## Task objective
Could you return the data that follows exactly, minus the images?

## Given material
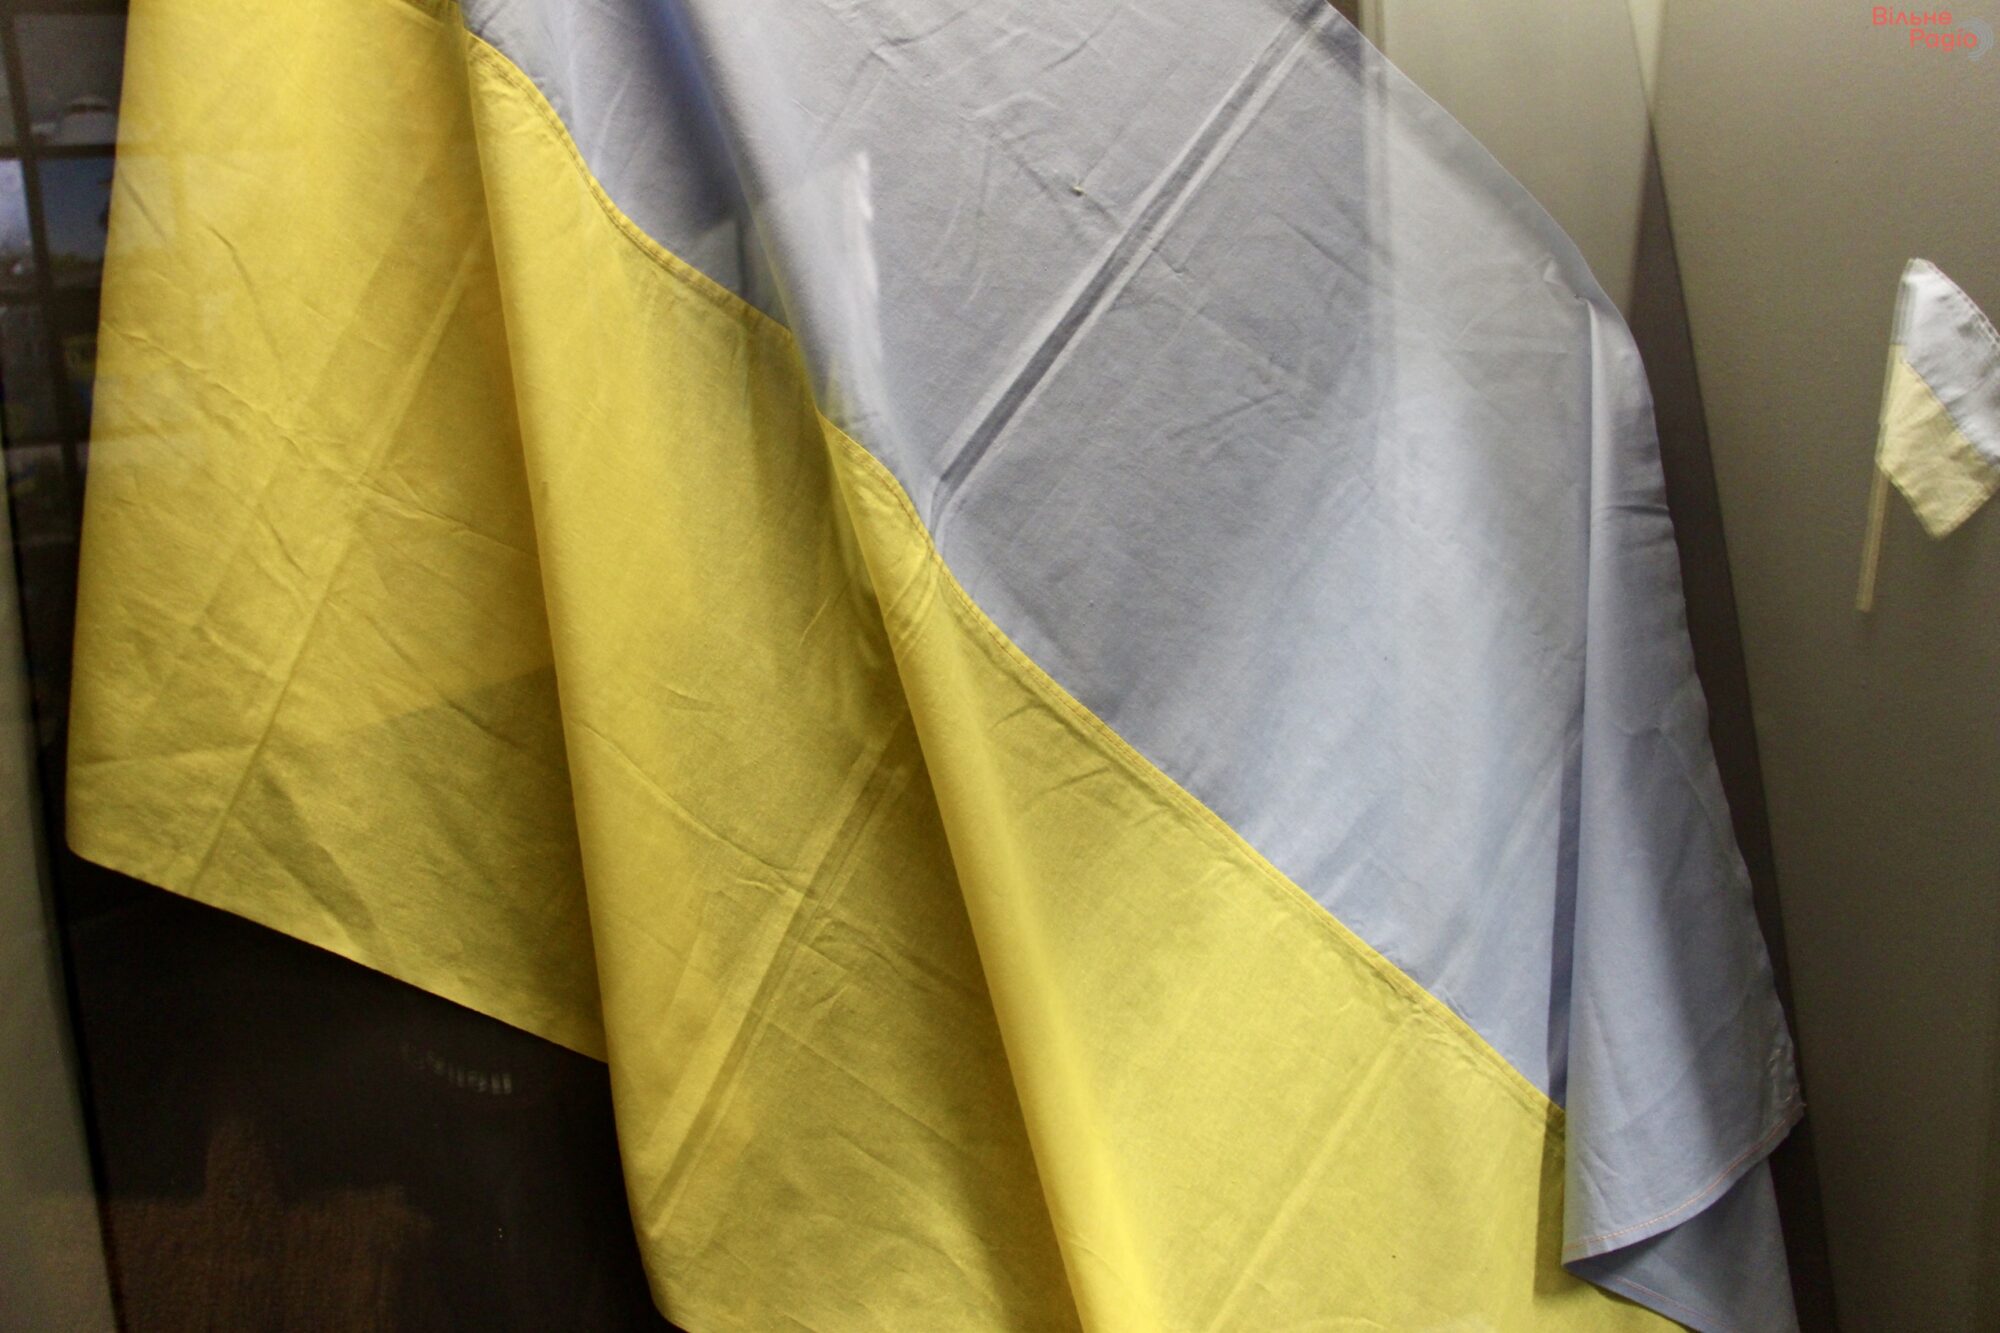 “Флаги Независимости”: фотоподборка государственных флагов, которые навсегда останутся частью украинской истории 2
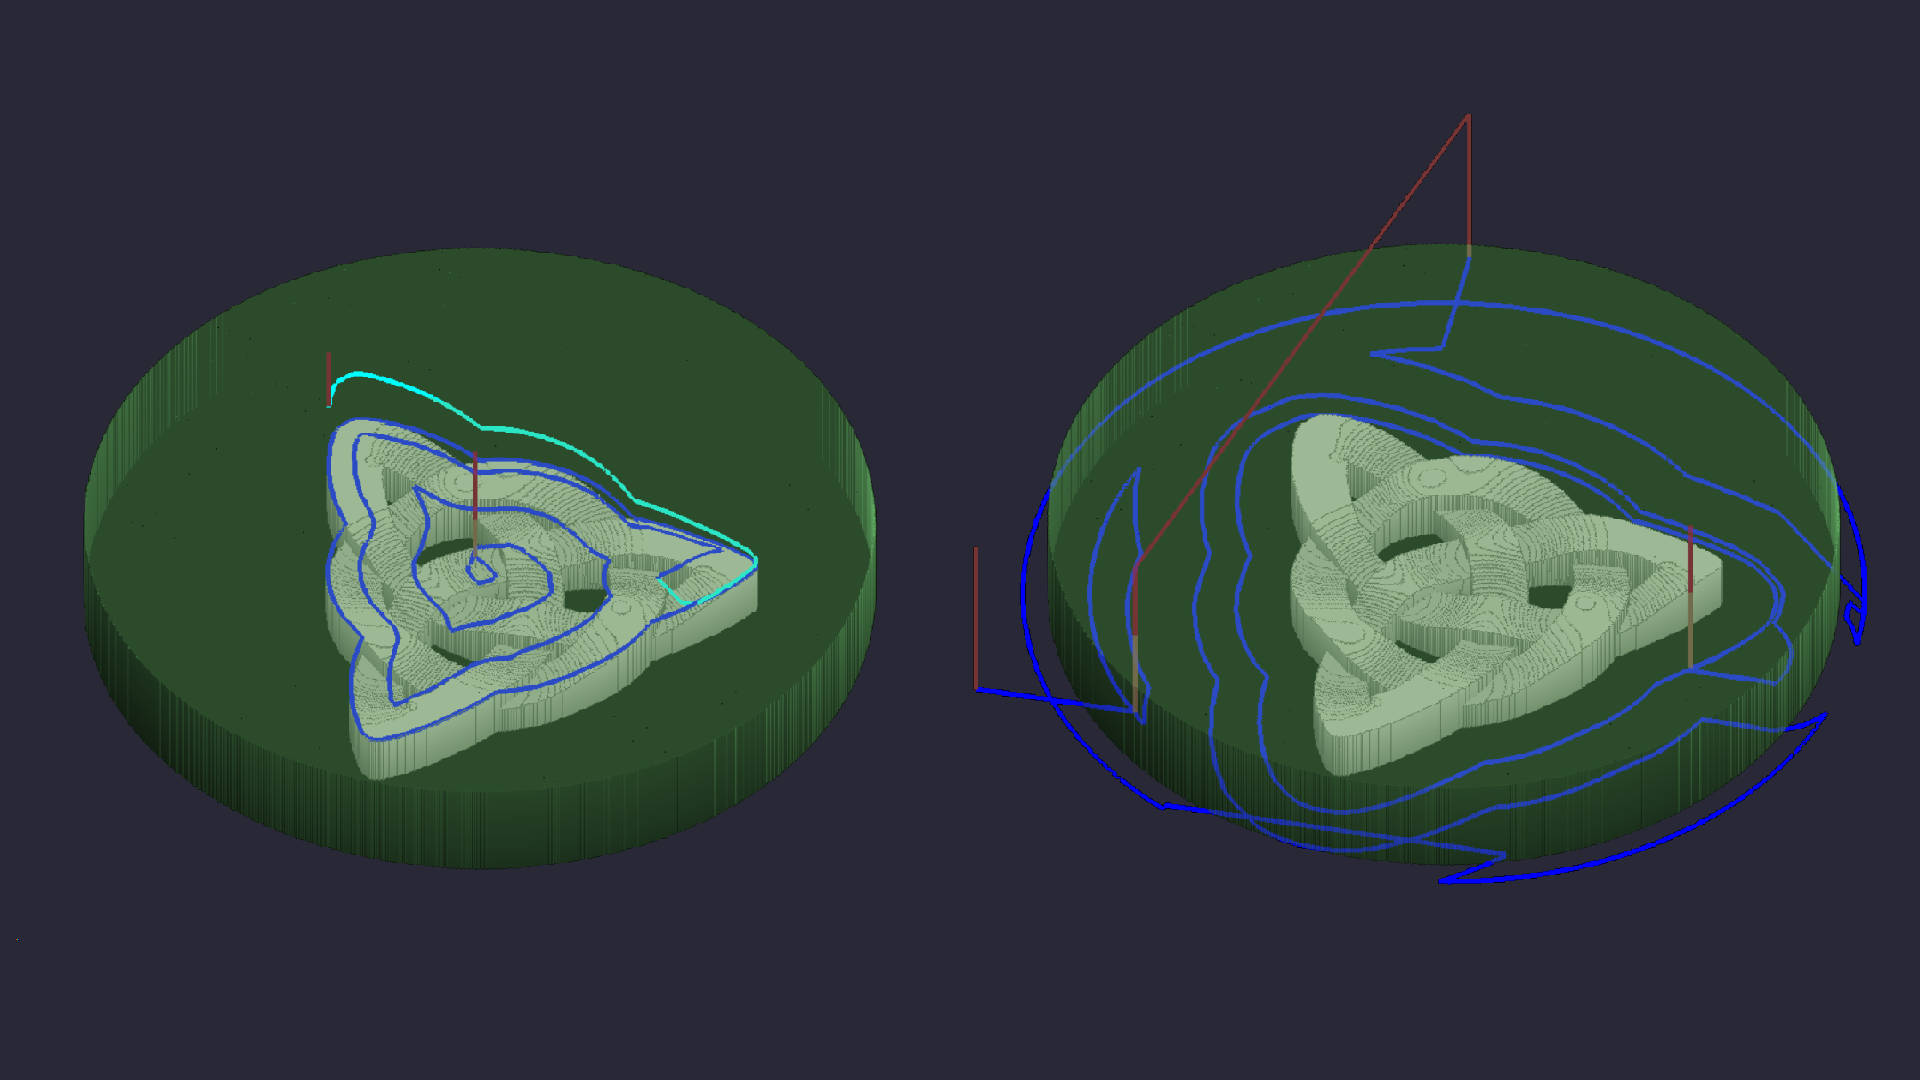 Die Abbildung zeigt zwei identische Modelle. Im linken Modell sind die Werkzeugwege nur innerhalb des Modellbereichs sichtbar. Im rechten Modell sind die Werkzeugwege nur außerhalb der Modellgeometrie.
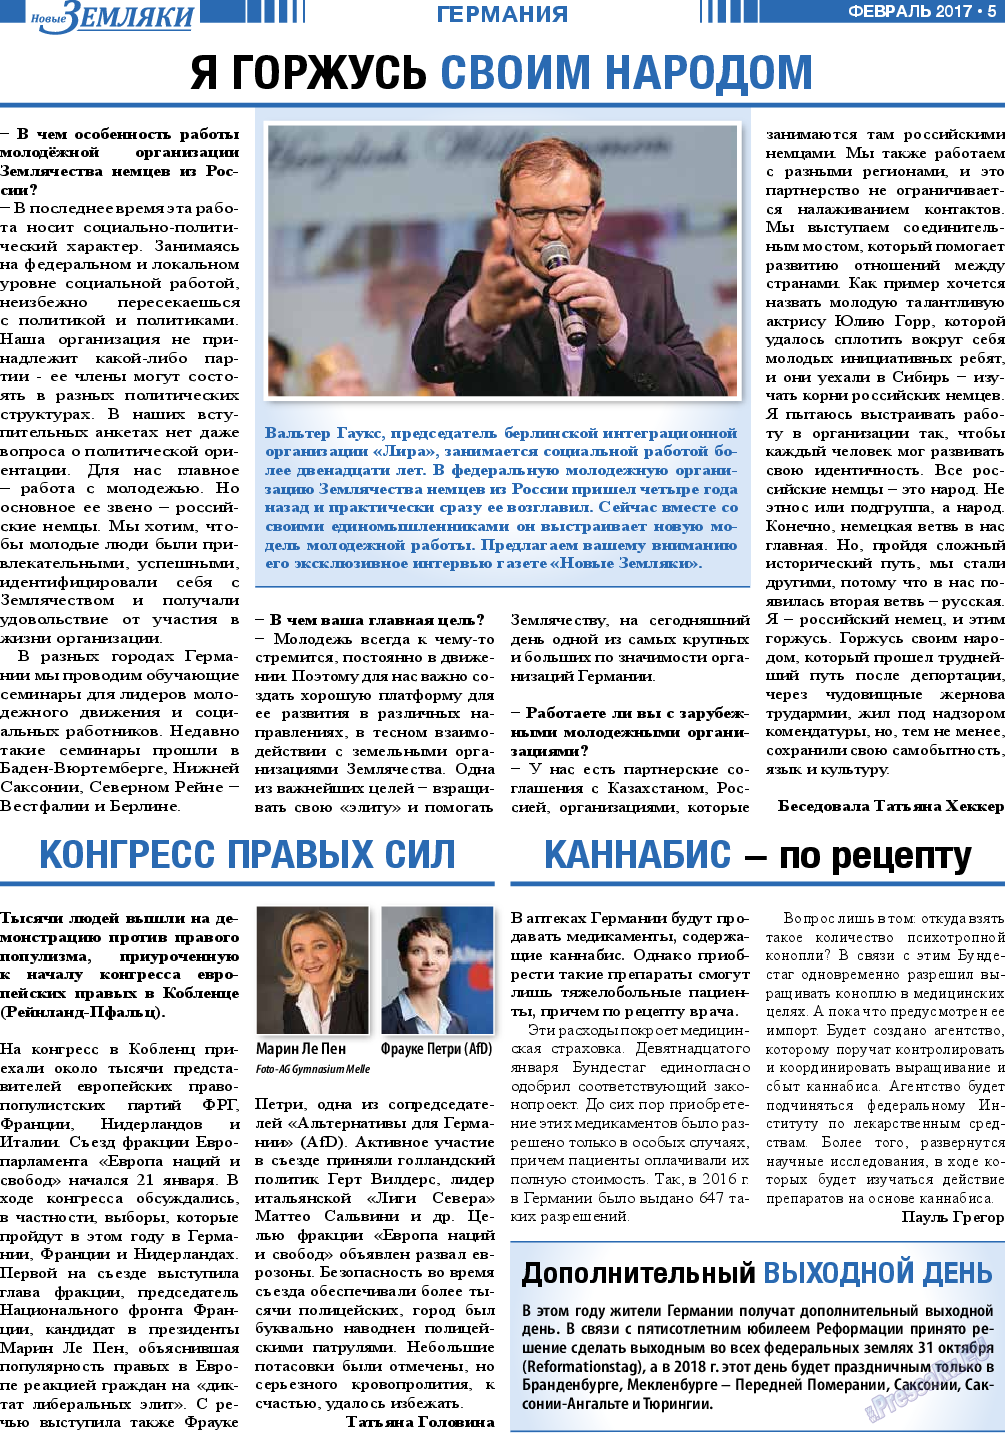 Новые Земляки, газета. 2017 №2 стр.5

## Task output
 “Флаги Независимости”: фотоподборка государственных флагов, которые навсегда останутся частью украинской истории 2
 Die Abbildung zeigt zwei identische Modelle. Im linken Modell sind die Werkzeugwege nur innerhalb des Modellbereichs sichtbar. Im rechten Modell sind die Werkzeugwege nur außerhalb der Modellgeometrie.
 Новые Земляки, газета. 2017 №2 стр.5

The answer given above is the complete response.